THE sequel to a play depicting the realities of a family affected by dementia is to go on tour – as a film adaptation of the original production is released.
The Merry Dance is the follow-up to the acclaimed and thought-provoking Quiet Riot, which has just been launched on YouTube.
Both productions were penned by playwright Maggie Aitken after extensive research, which included visiting dozens of people living with the condition, and their families, throughout Scotland.
“These productions focus on dementia, the difficulties and the practical changes in life - all based on the real testimony of those who’ve been there or who are going through it right now,” explained Maggie.
The project was funded through the Reshaping Care for Older People (RCOP) programme which aims to help growing numbers of older people to continue to live full, positive and independent lives in the community.
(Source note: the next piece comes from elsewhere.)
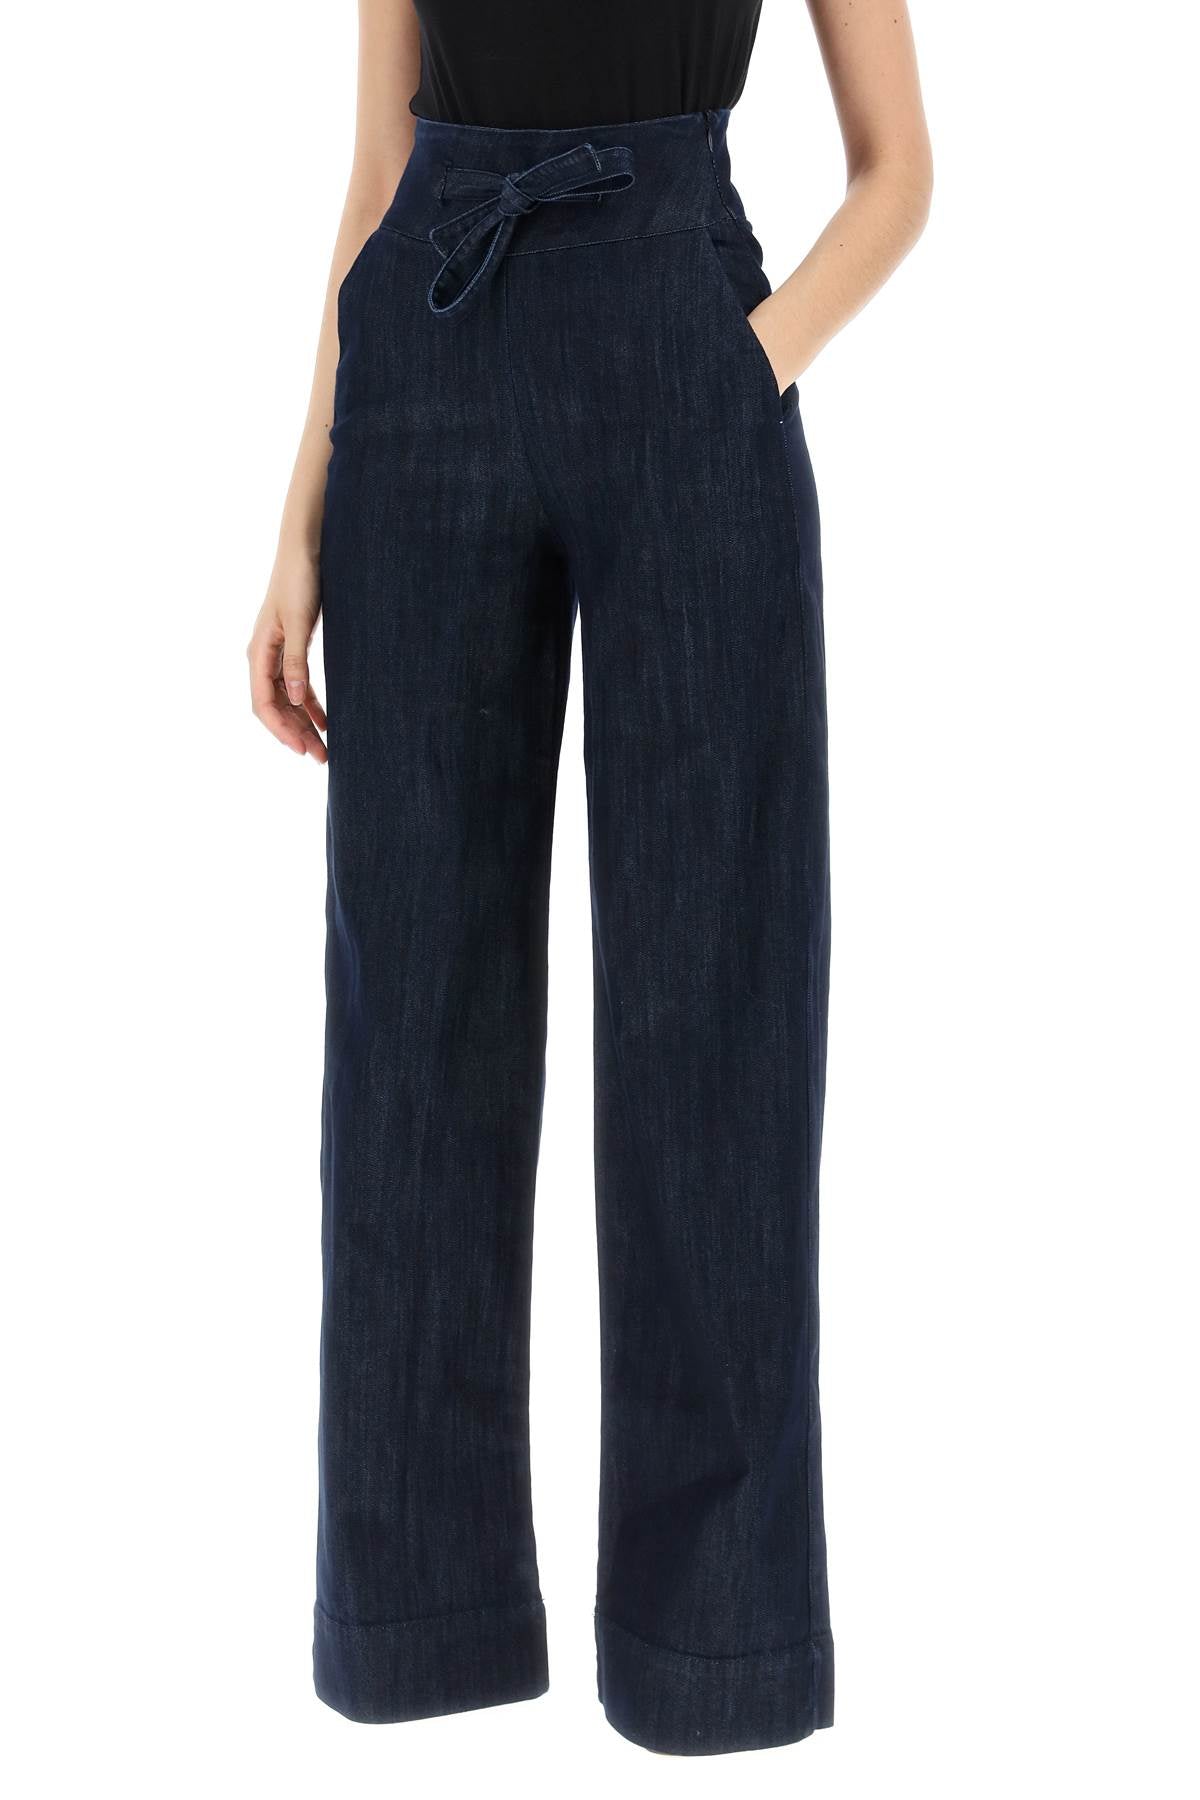 Mvp wardrobe tolone jeans-3

The RCOP partnership has combined the expertise of North Lanarkshire Council, NHS Lanarkshire and the independent and the third (voluntary) sector.
The original aim of The Quiet Riot was to create a heightened understanding and empathy of the impact of dementia within health and social care staff.
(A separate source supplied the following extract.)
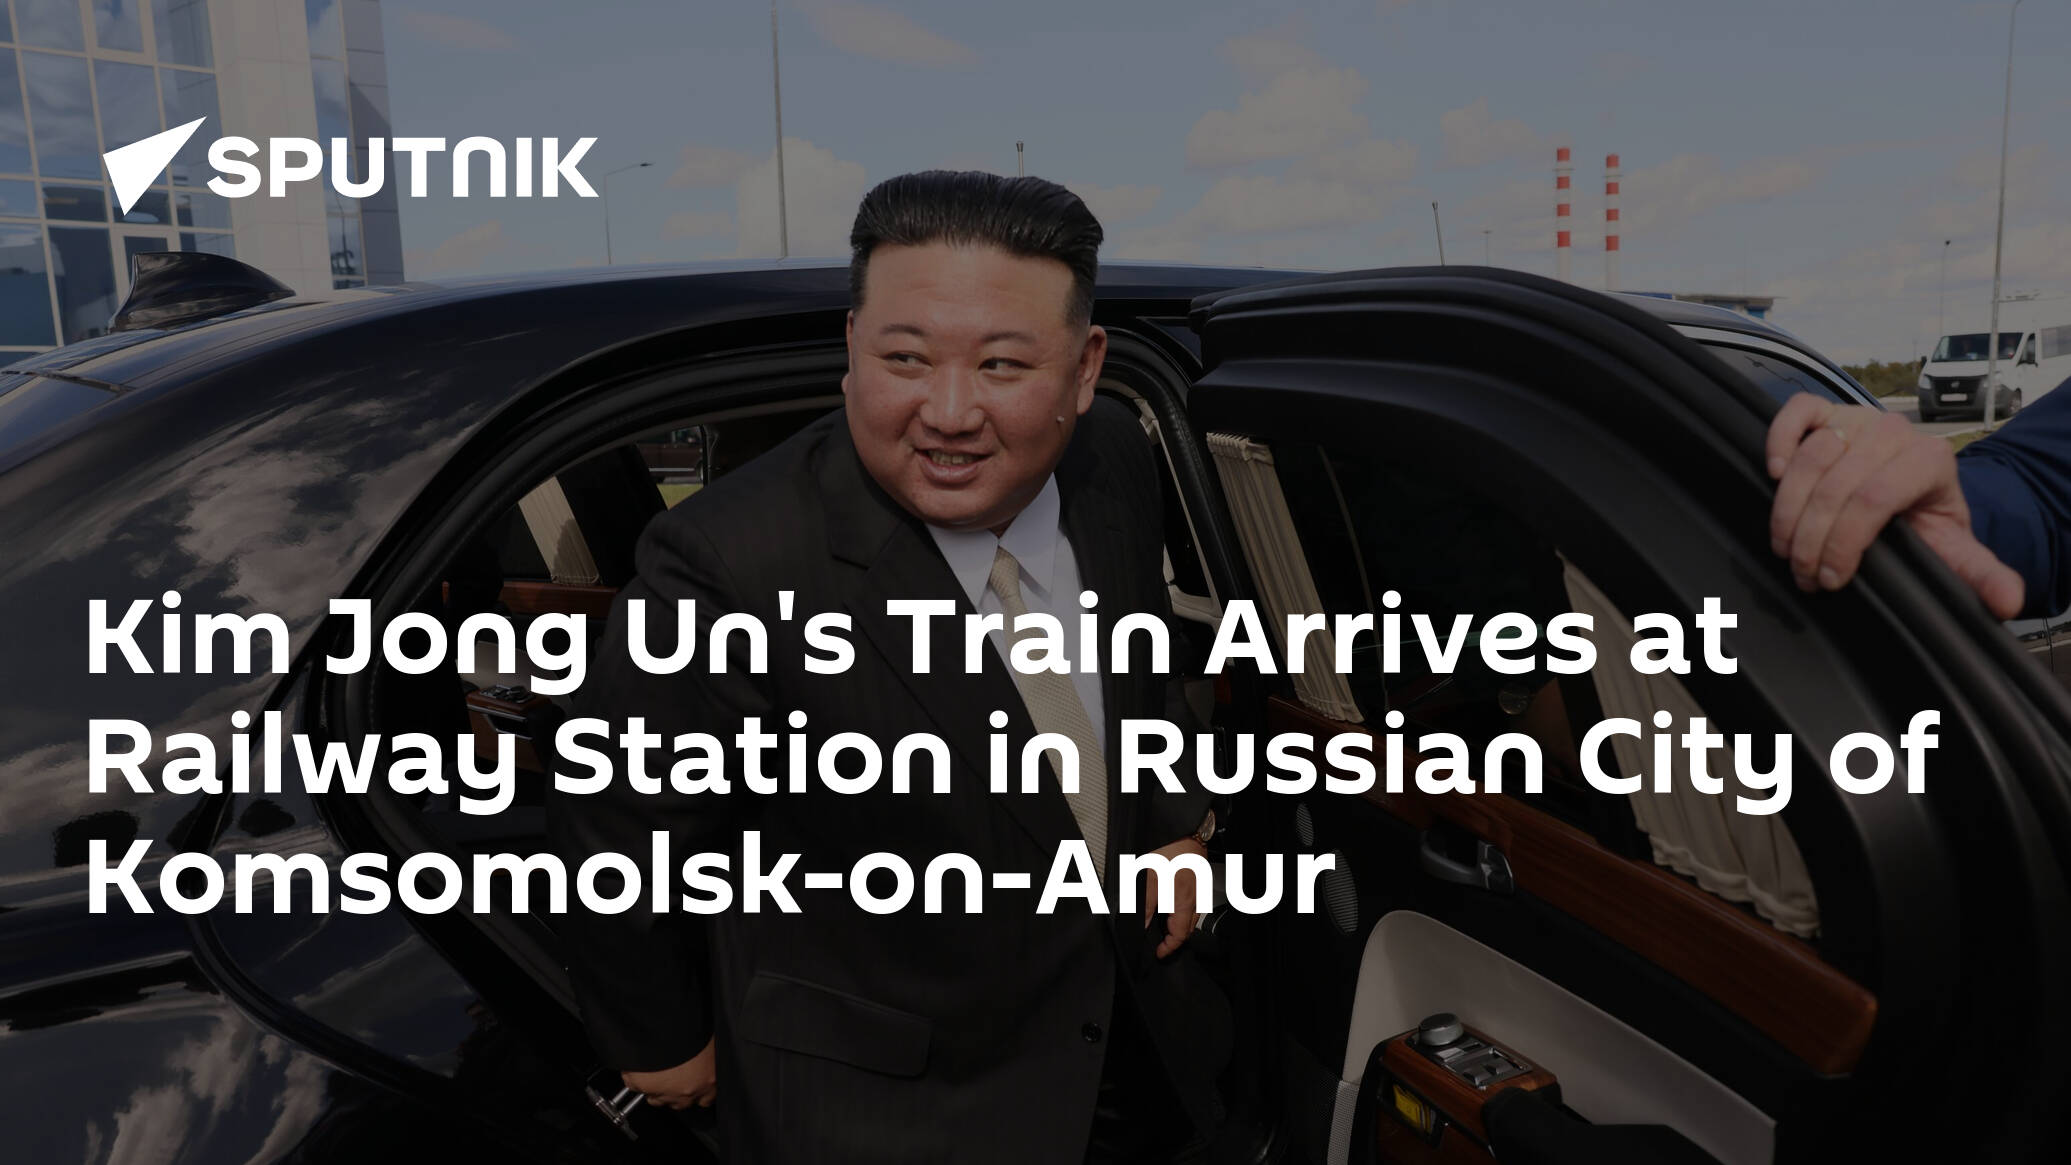 Kim Jong Un's Train Arrives at Railway Station in Russian City of Komsomolsk-on-Amur

But the production caught the imagination of a far wider audience - including many members of the public. Now the fly-on-the-wall narrative of the new play is set to pack out venues across Lanarkshire once again as a film of the original goes live.
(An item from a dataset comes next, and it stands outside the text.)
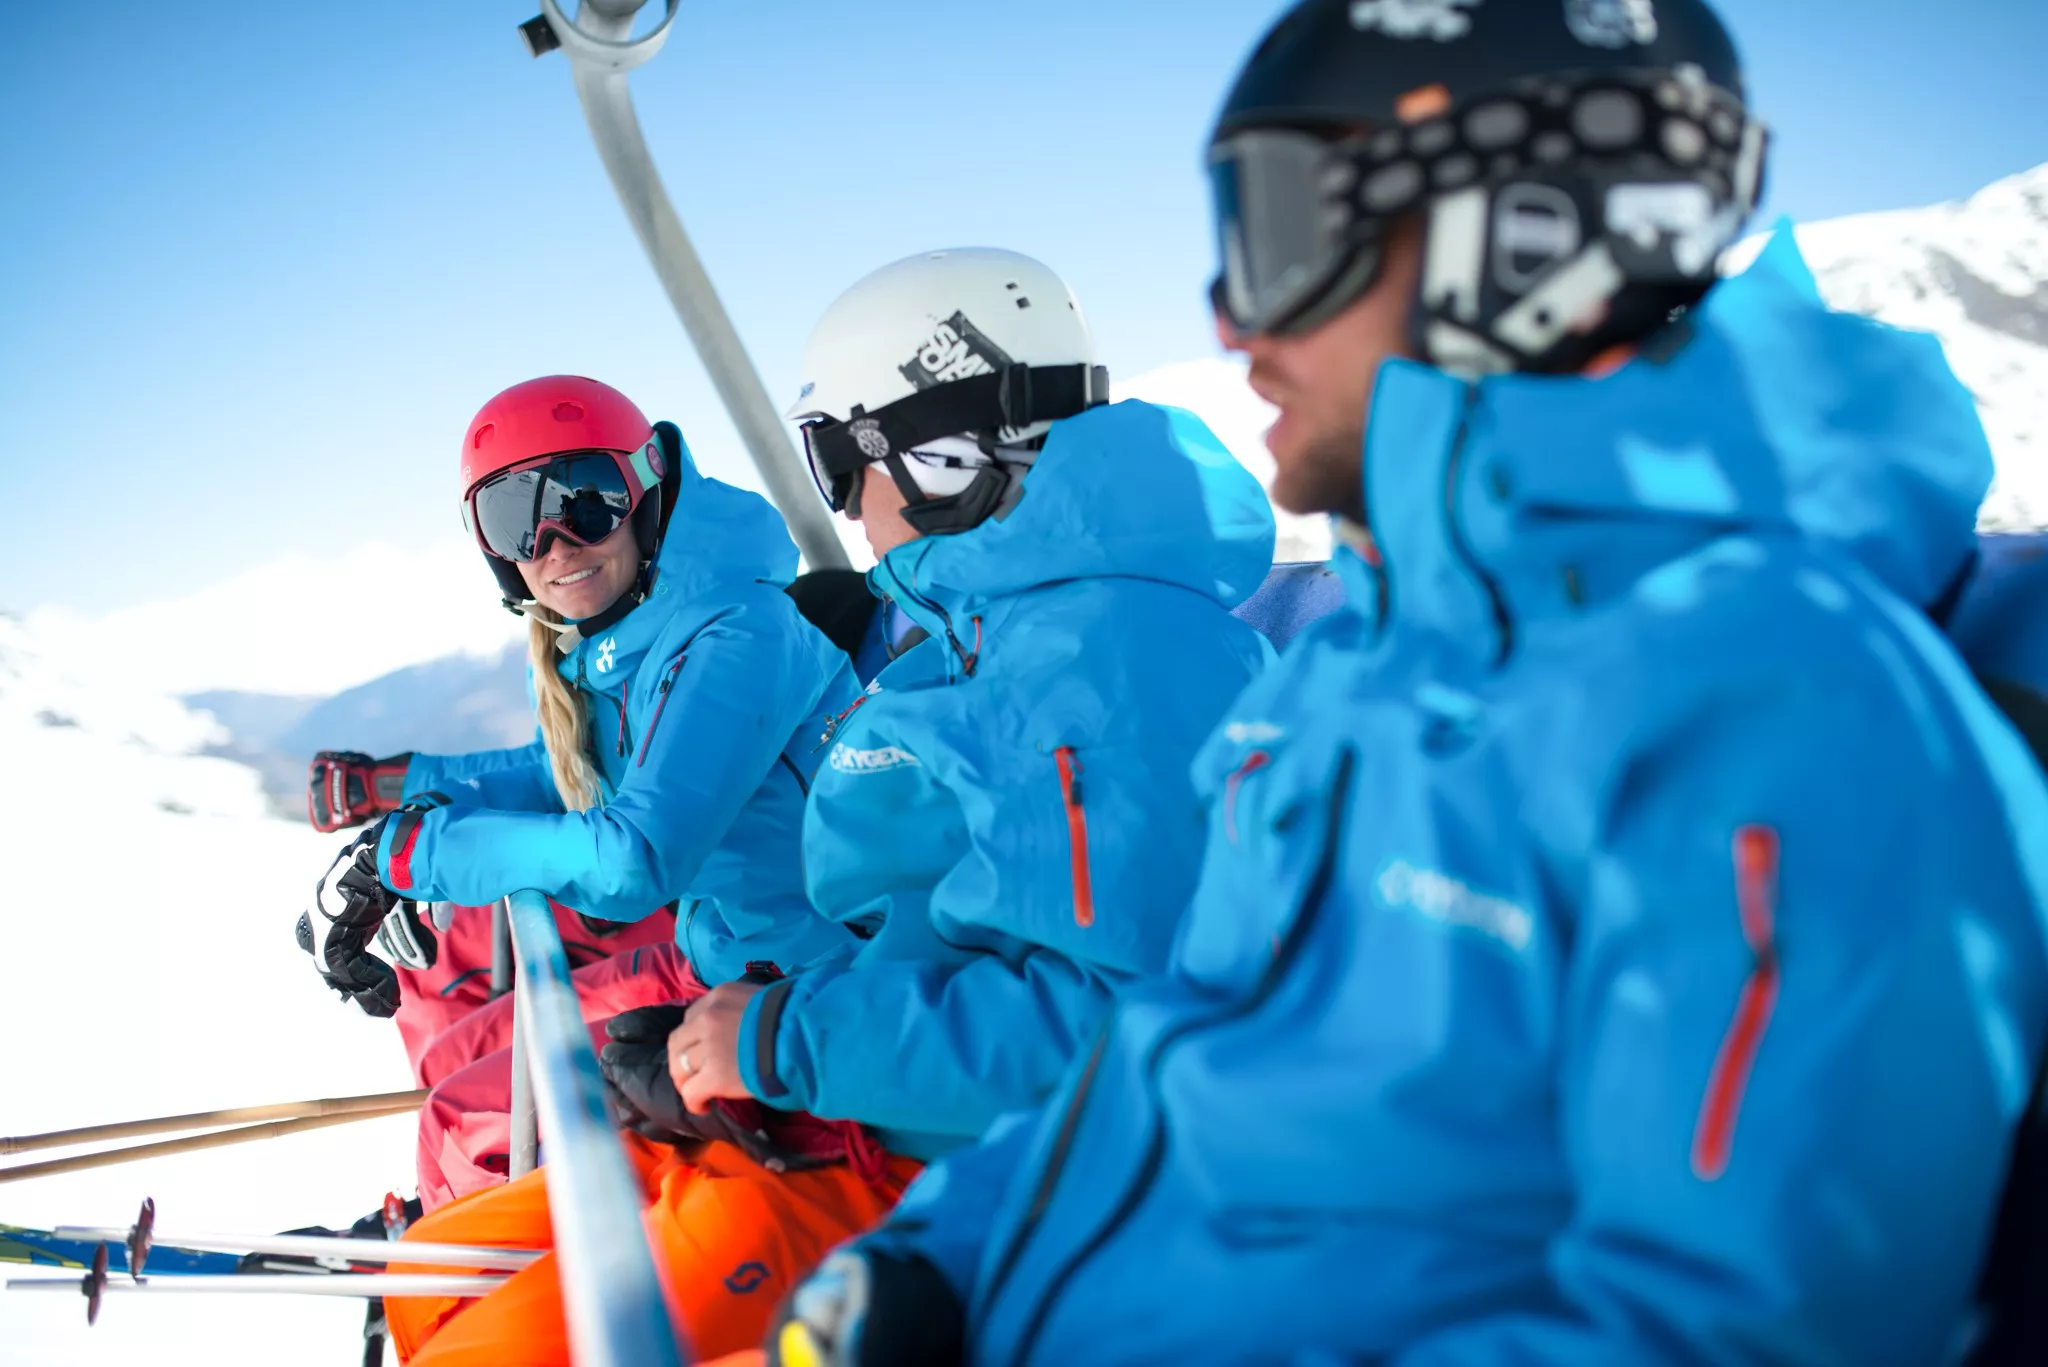 Supreme Ski School in France, Europe | Snowboarding,Skiing - Rated 1

“In the story so far we’ve given audiences a candid glimpse into the lives of a close-knit family trying to deal with the implications of a loved one living with dementia – just before their first visit from a social worker,” Maggie continued.
“The lead character, Bob MacKenzie, is a straight-talking Scotsman with a big heart and a bigger mouth. But he’s struggling to come to terms with profound life changes as he cares for his wife, Isabel.
“Originally the plan was to create a resource for professionals to provide an insight into the type of conversations that go on behind closed doors just before their visits.
“The feedback we received was that the narrative struck a chord with many people, including individuals and families, who’d also attended the first round of productions, and who were going through a similar situation.
“We found that the story provided a reassurance that they are not alone – and there are supports available. We made a film version to extend the reach of that message.”